Остановитесь, остановитесь, восторги счастья, наслаждения скорби! Я слишком слаб: сердце сдает, я бессилю! Силы небесные, помогите мне перенести чувство моего счастия!

Благословенна будь на веки благодетельная рука, приведшая меня на эти смеющиеся берега, на эти луга, где я вновь обрел душевный мир.

Но как она изменилась, моя Люцила! Она — подобна прекрасному цветку, который поблек от зноя солнца, но об утреннем блеске которого все же можно судить даже в его истомленном виде! Прекрасные глаза потеряли блеск, ни рубинов, ни роз на губах и лице, смертная бледность легла повсюду.
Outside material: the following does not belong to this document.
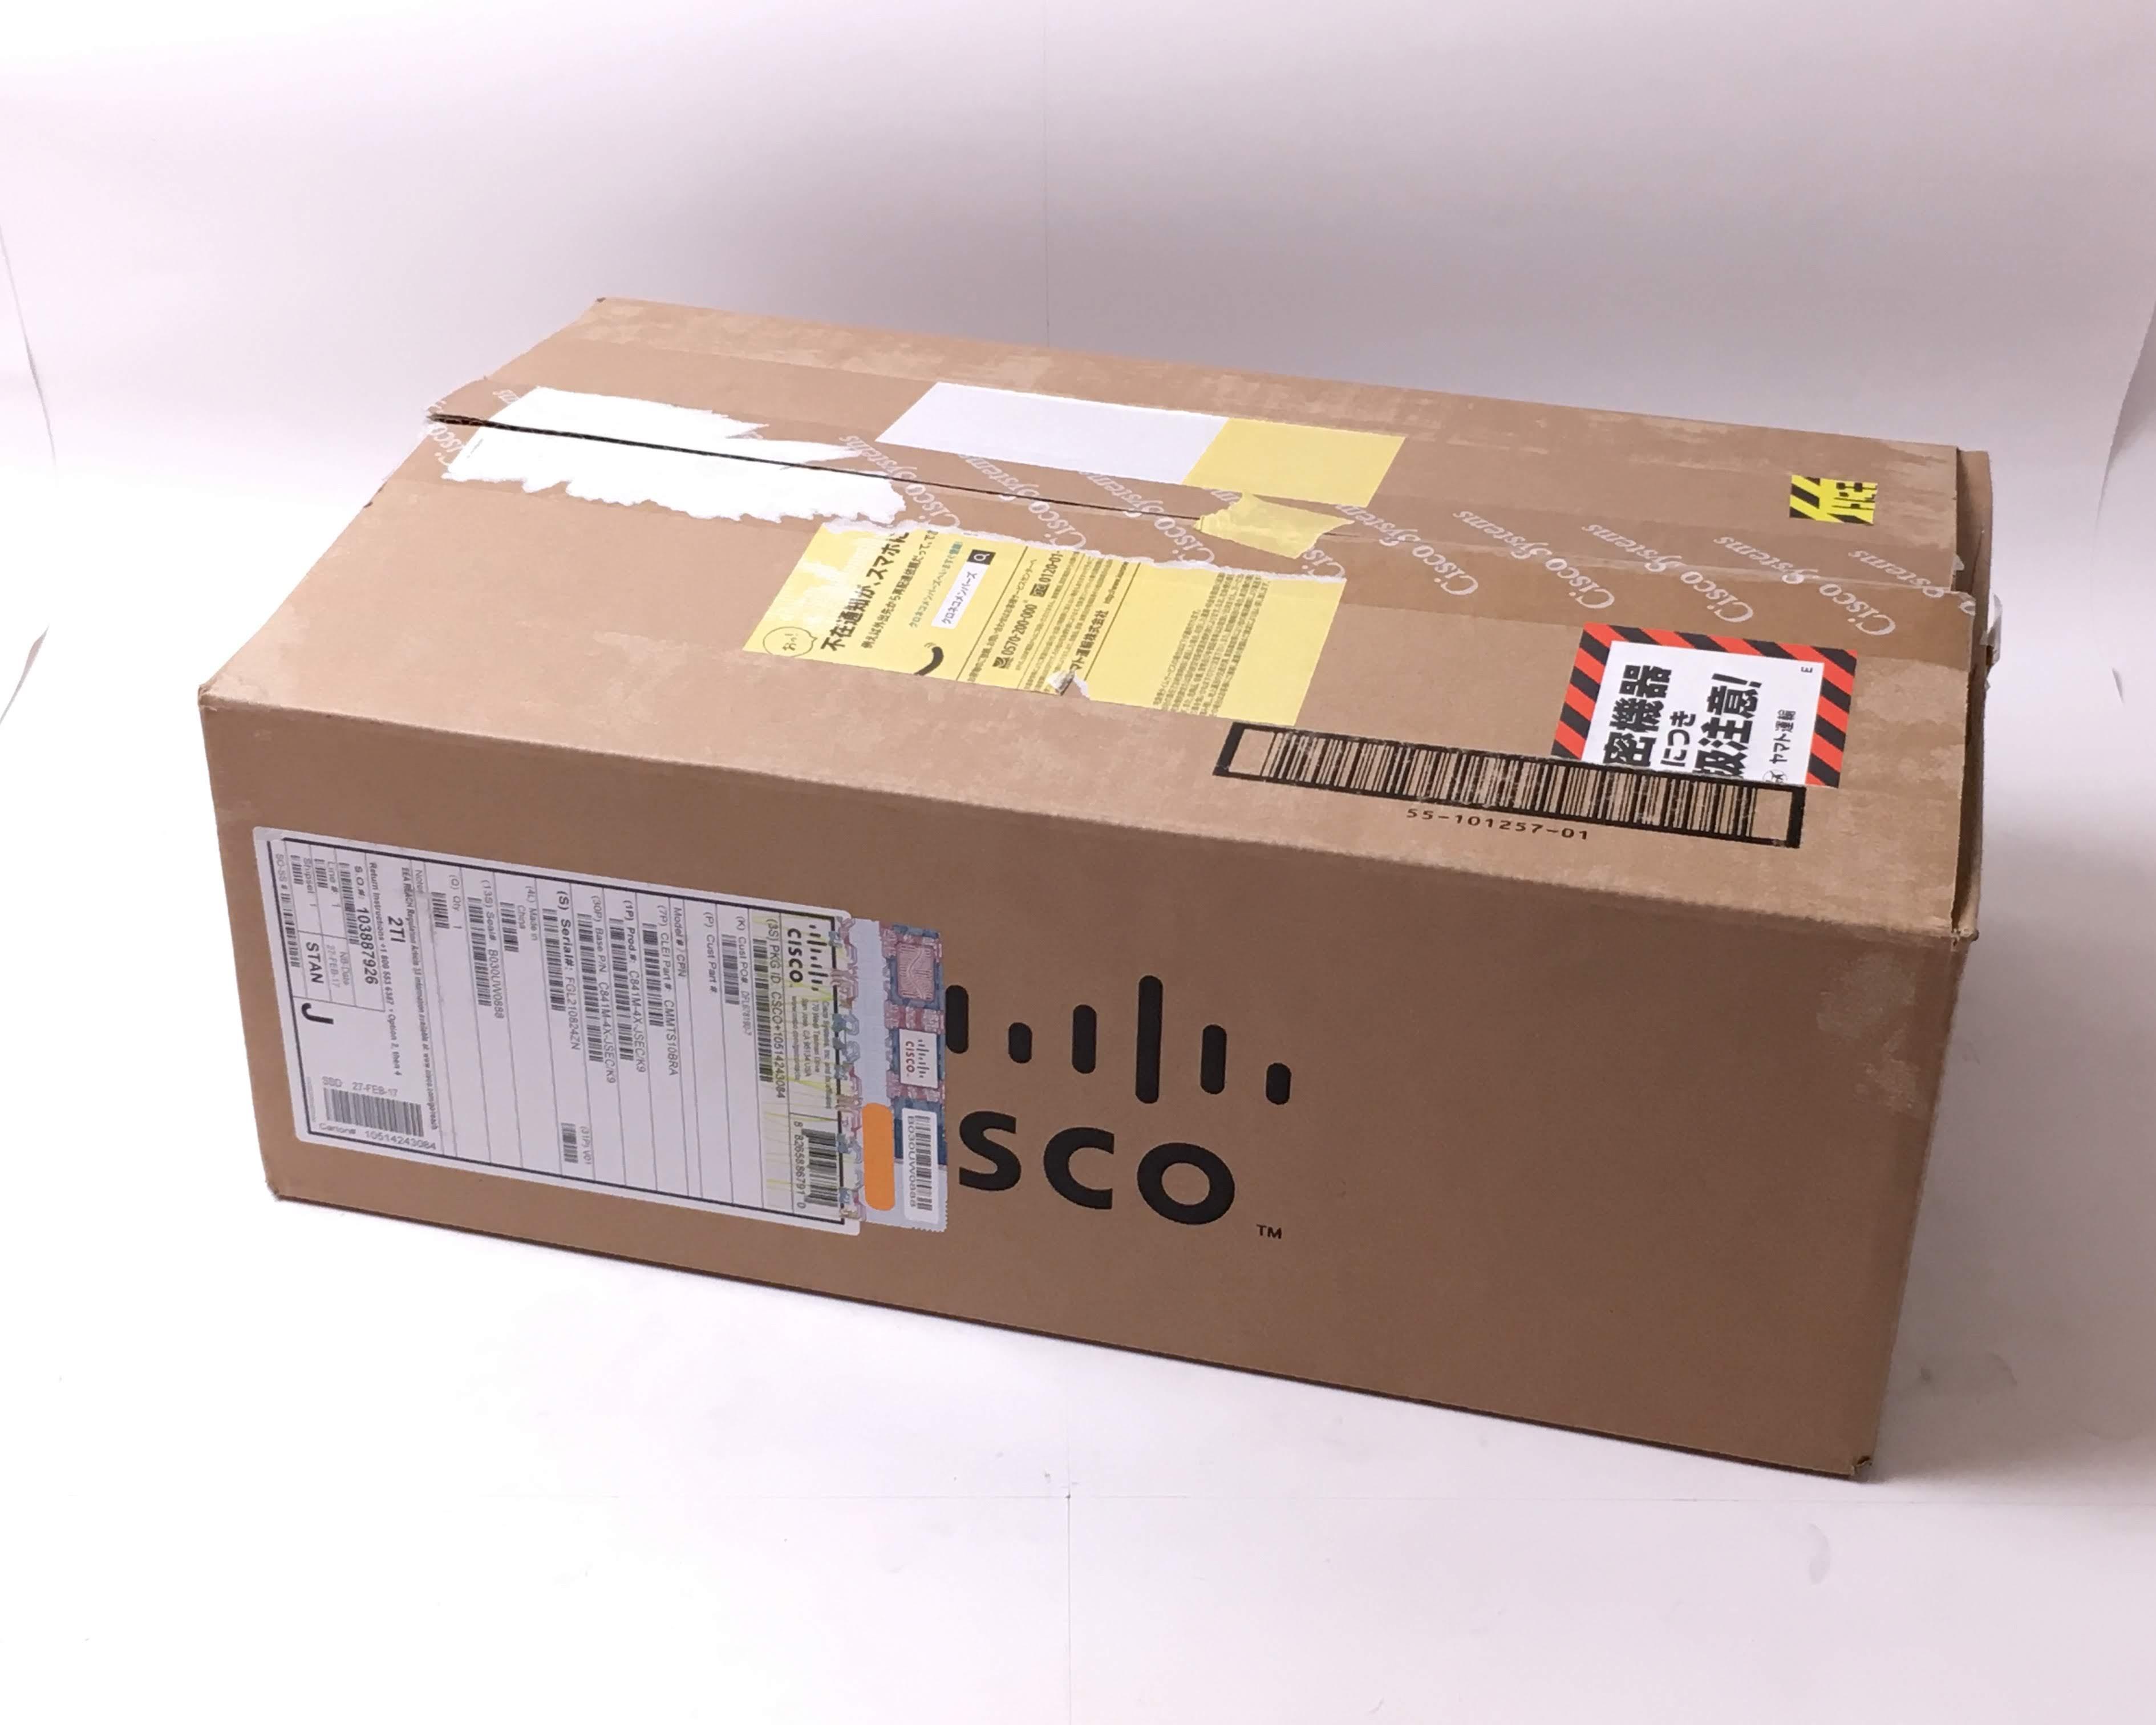 【新品】Cisco 841M Jシリーズ C841M-4X-JSEC/K9 メイン画像

Скорбь уничтожила крепость, силы, здоровье. Как она слаба! Она томно склонила голову мне на грудь, и, казалось, лишалась последних сил в моих объятиях. Но ее наружность, такая трогательная в своей истоме, вскоре оживится радостью.

Как совершился этот счастливый перевороте? — спросишь ты, дорогой Панин. Позволь на минуту мне успокоиться, и я выясню тебе эту тайну.
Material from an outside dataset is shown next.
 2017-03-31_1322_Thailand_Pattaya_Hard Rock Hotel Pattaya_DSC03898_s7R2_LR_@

Ожидая, когда отец решится выйти из конфедераций, я каждый день ежедневно прогуливался в леску близ Кразилова.

Однажды утром я встретил там молодого человека в мундире, подобном моему.
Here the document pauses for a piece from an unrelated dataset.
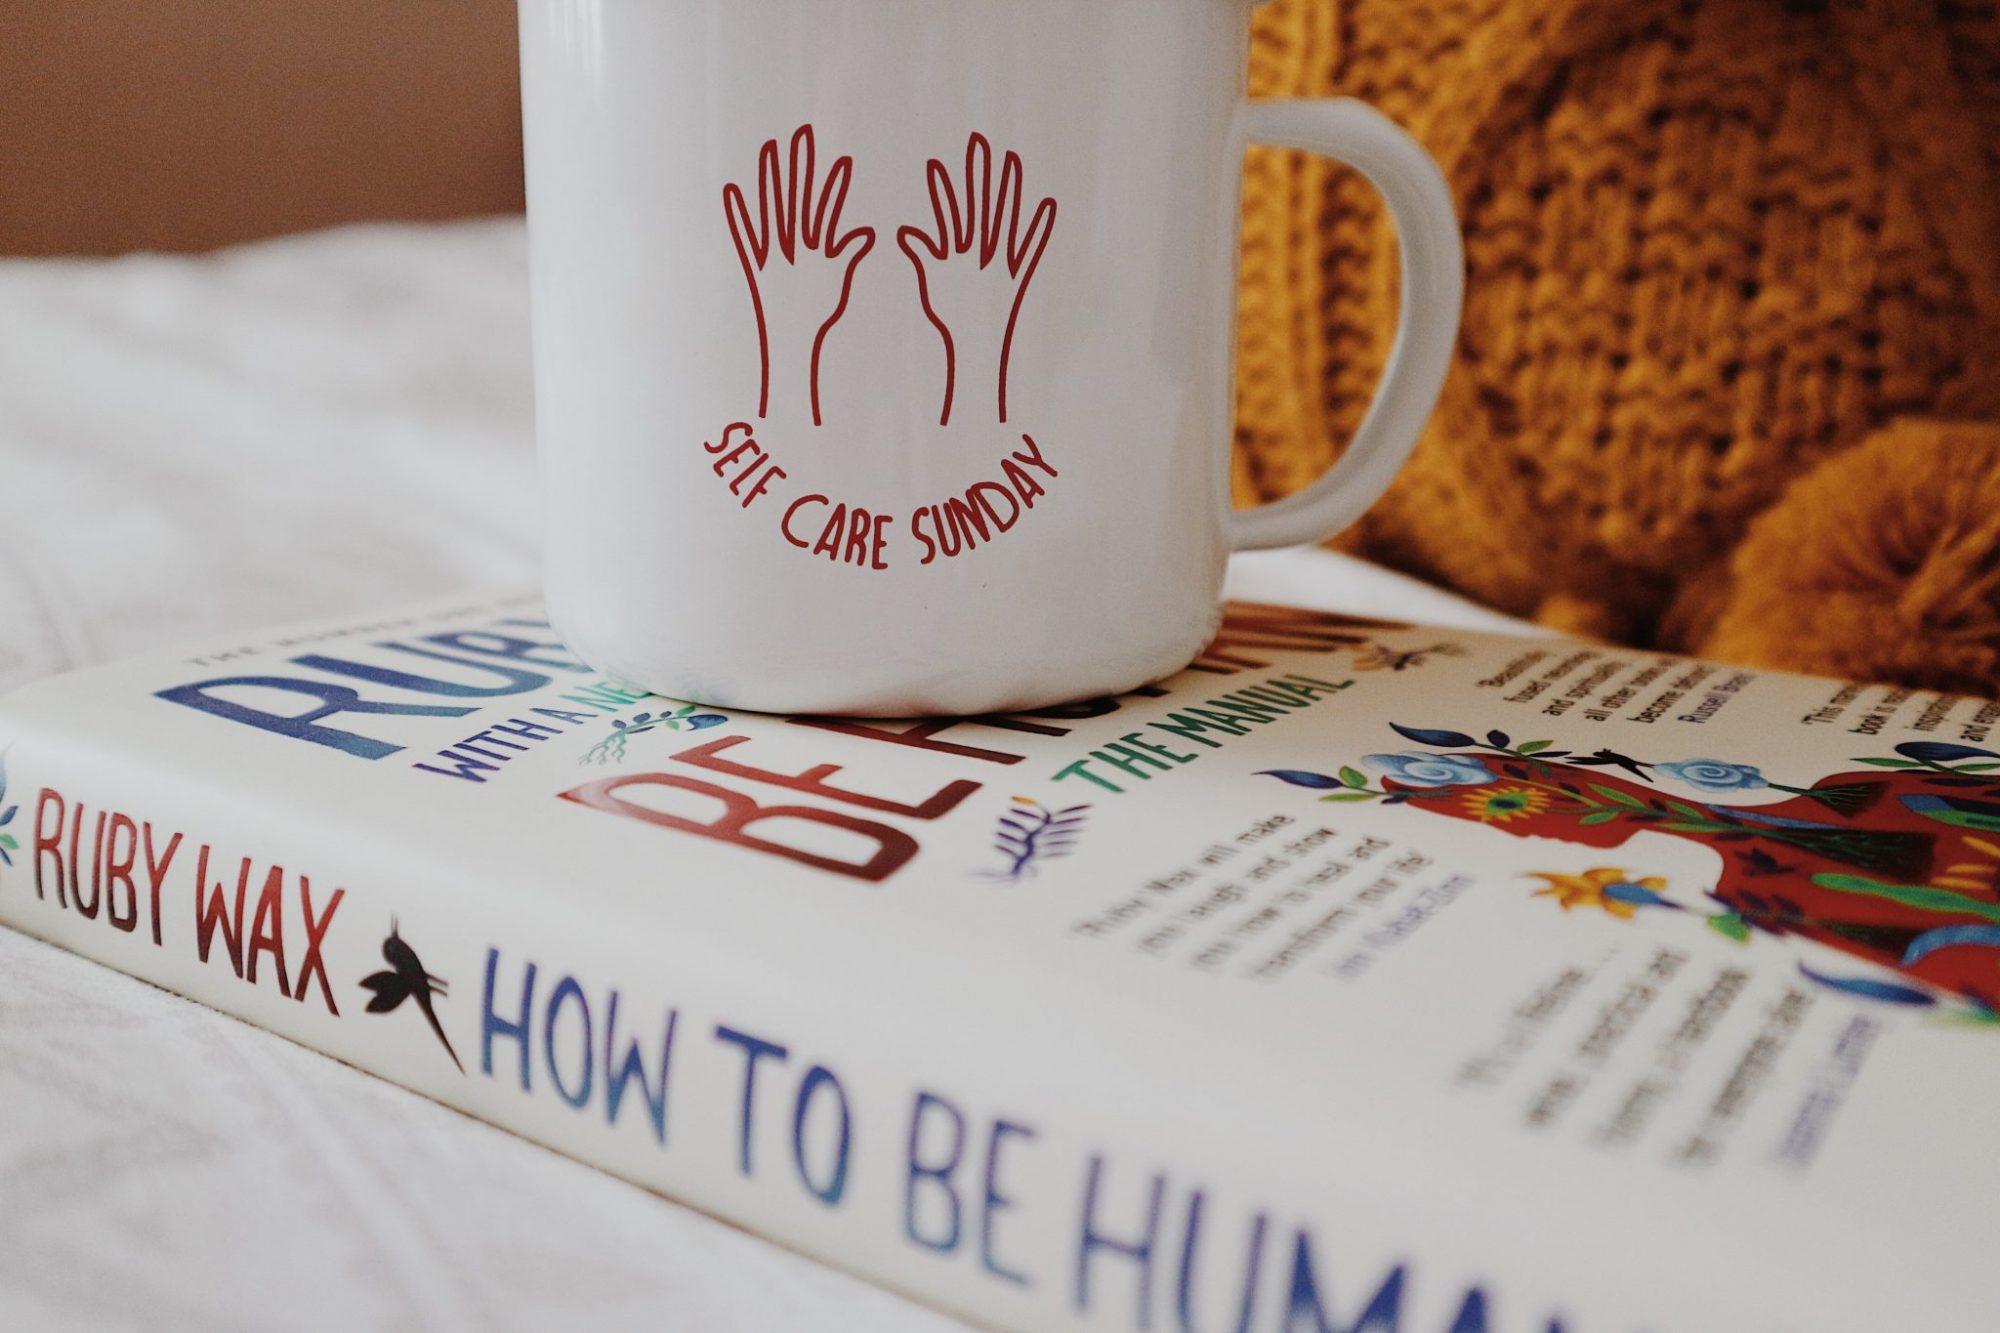 Self Care Sunday Mug + How To Be Human by Ruby Wax Book

Его меланхоличный вид поразил меня! Казалось он уклонялся от встреч со мною.

Вот без сомнения, — говорил я себе, какой-либо несчастный, который, подобно мне, приходить сюда предаваться своим грустным мечтам.

Наутро я увидал его снова. Он казался еще более грустным, чем в предыдущий день. Его вид, наружность, возраст, все в нем меня заинтересовало.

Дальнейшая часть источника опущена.